The Courier & Advertiser (Angus and Dundee)
Policy engineered social housing decline
Sir, – The decline in social housing in Dundee, and other parts of Scotland, is part of a deliberate plan begun over a decade ago. Across the UK there was a consensus among the main political parties that social housing should be reduced to a minimum safety net.
Academics at Heriot Watt University were commissioned to calculate the housing needs of Scottish local authorities. Their calculations were based on the assumptions that people should only get social housing if they could not afford to buy or rent in the private sector without their income sinking below basic benefit levels, and that those households already in need could wait for up to 10 years.
With those assumptions in the equation, the academics argued that social housing need could be more than met by the ongoing turnover of tenancies, and even places such as Dundee, with a housing waiting list of thousands, had ‘surplus’ social housing that should be demolished.

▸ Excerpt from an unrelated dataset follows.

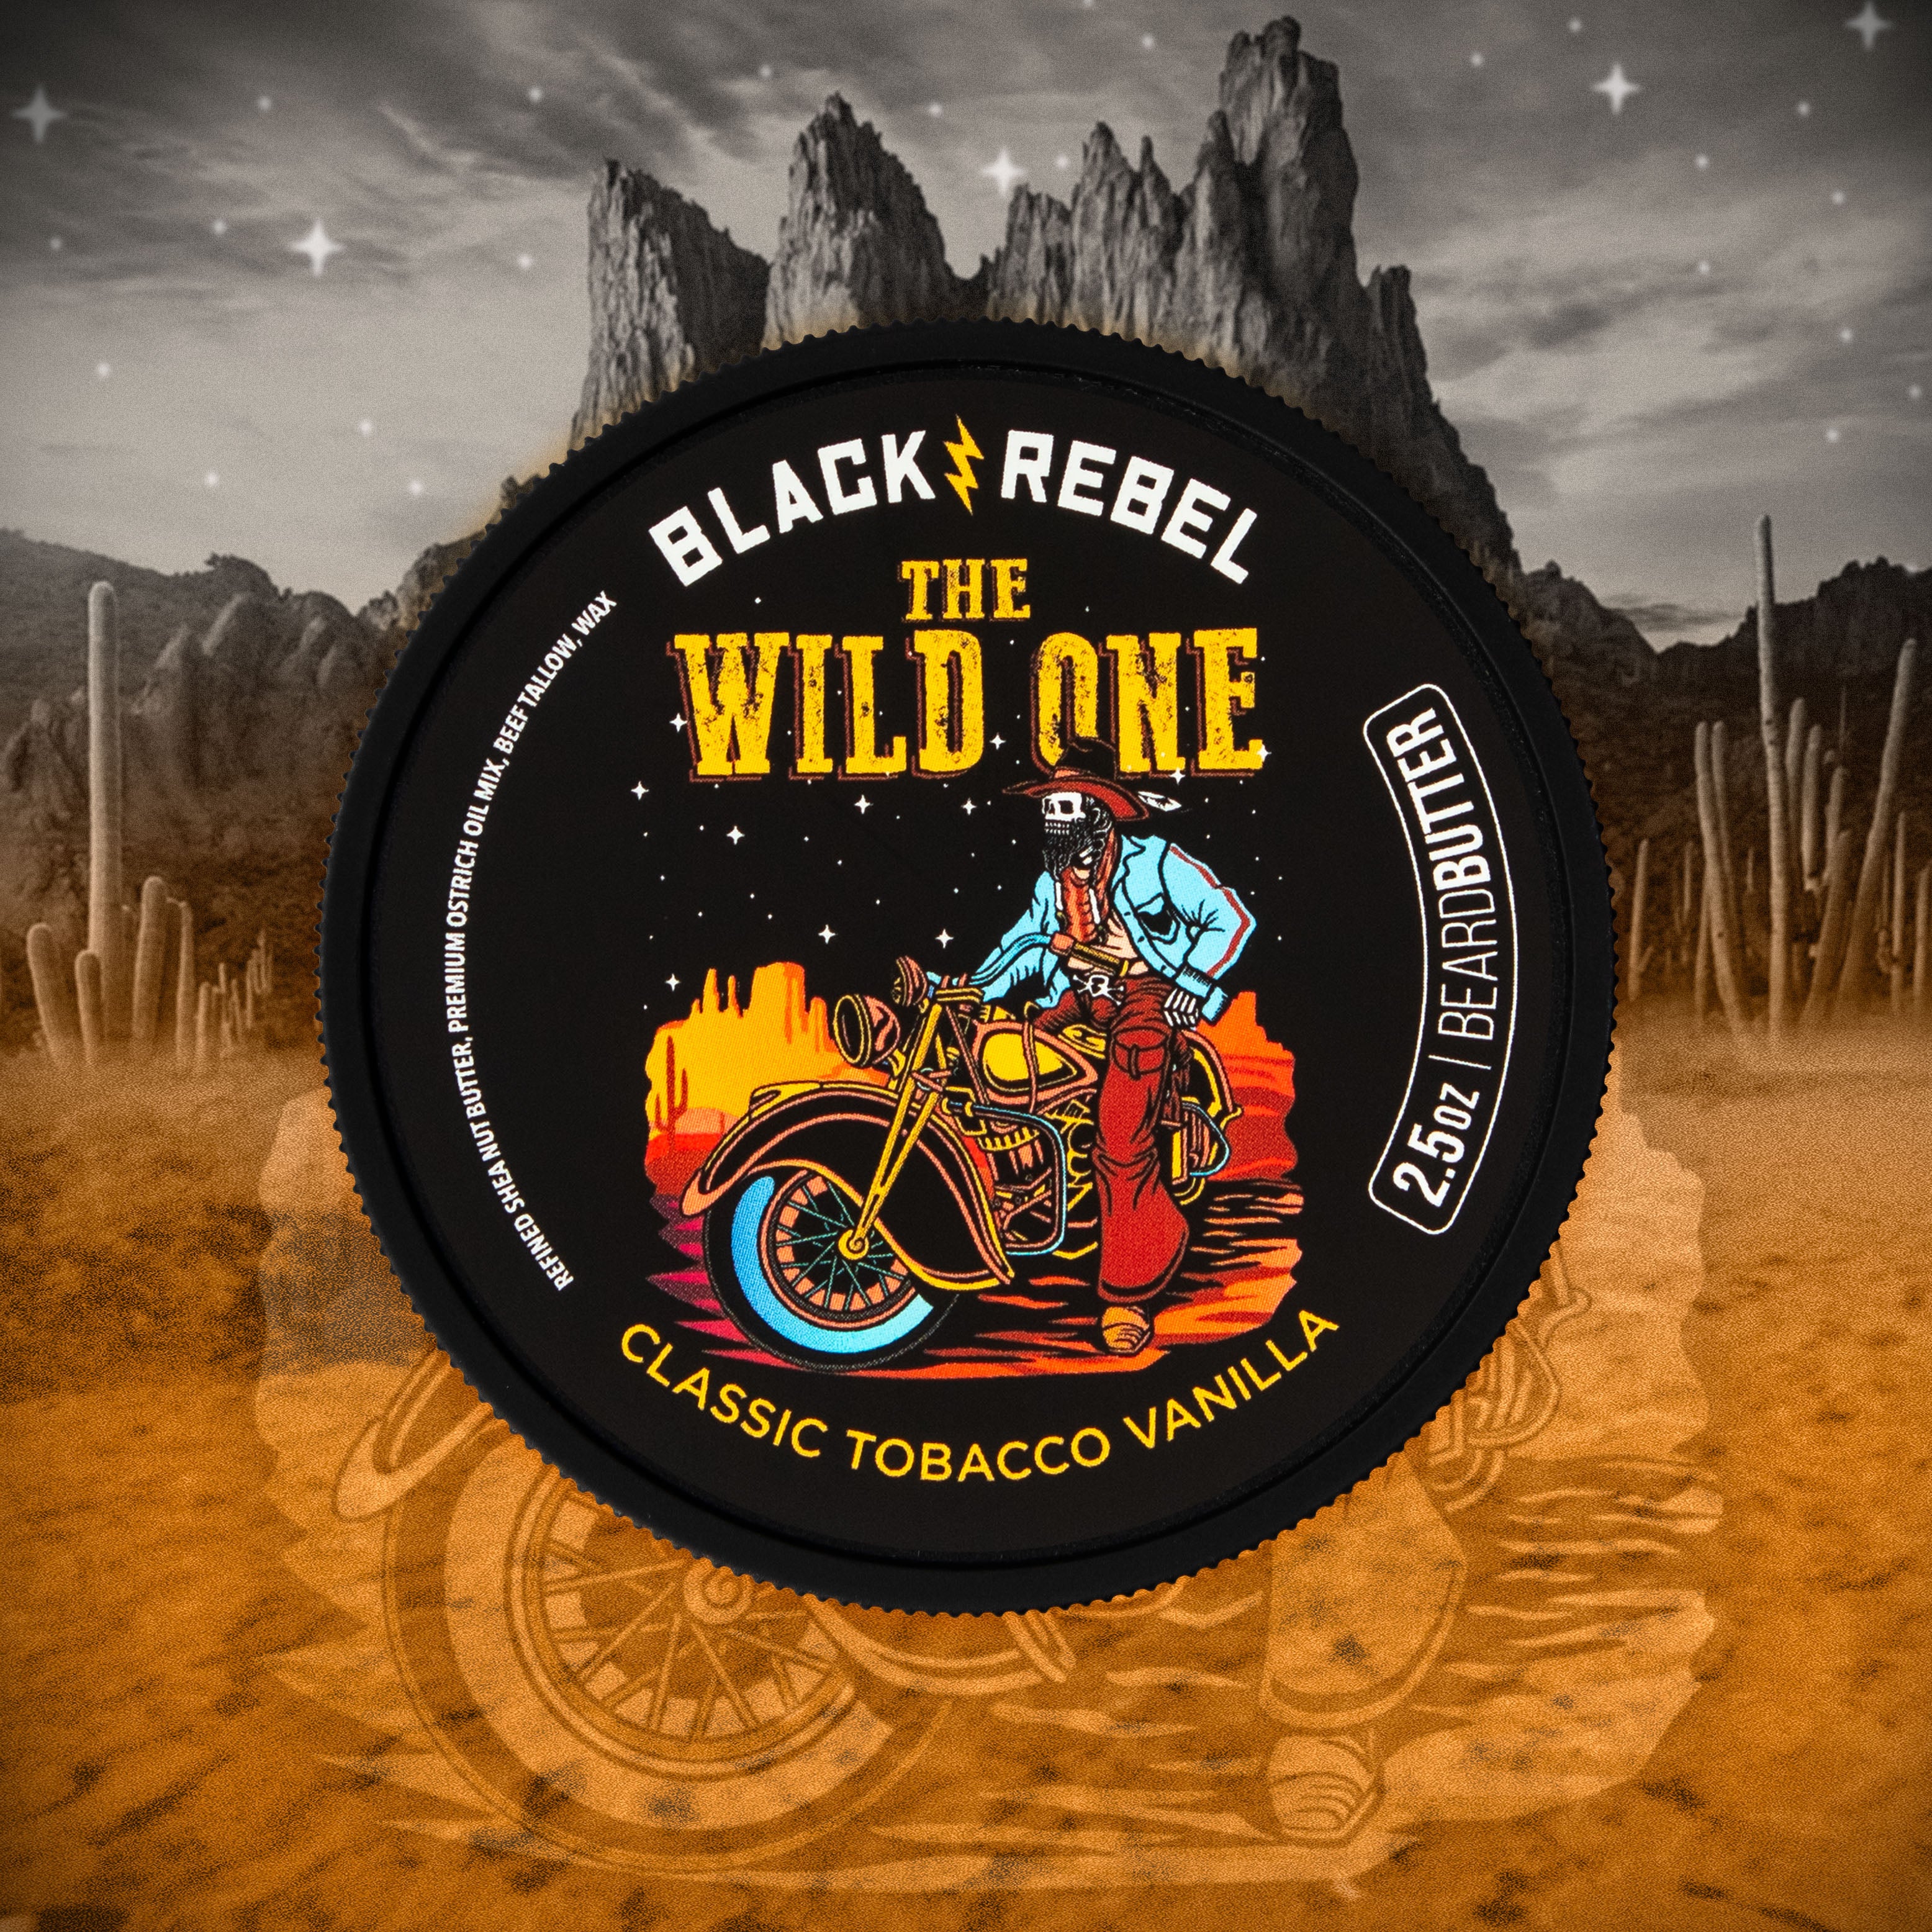 THE WILD ONE (classic tobacco vanilla)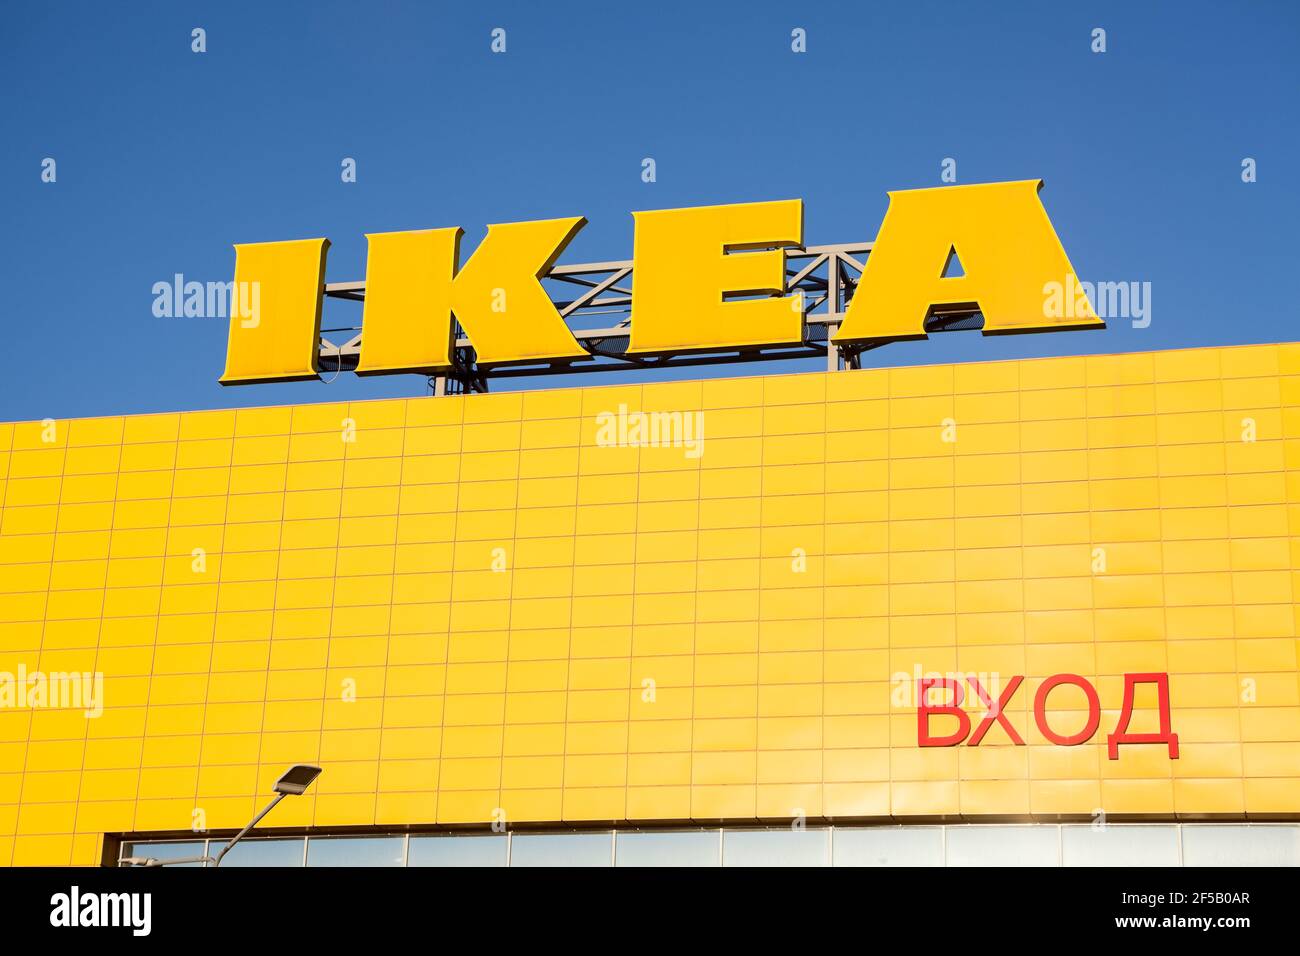 San Pietroburgo, Russia-circa dicembre 2020: Il segno del centro commerciale Ikea è sulla facciata con cartello d'ingresso in russo. Si trova nei negozi Mega Foto Stock

When these policies were first implemented, the expectation was new housing built on the sites would be predominantly private, but that was before the economy crashed in 2007.
There has been renewed support for building social housing, but not to the extent that this will begin to replace the number of homes lost, and politicians have introduced additional confusion with ‘affordable housing’, which is far from affordable to many families.
As the political classes began to wake up to the misery these policies have caused, Social Bite commissioned a report into homelessness in Scotland’s four largest cities. One of the authors was the main proponent of the disastrous housing need model.
A critical rethink of housing policy and major investment in social housing is long overdue. Sarah Glynn. Castle Terrace, Broughty Ferry, Dundee.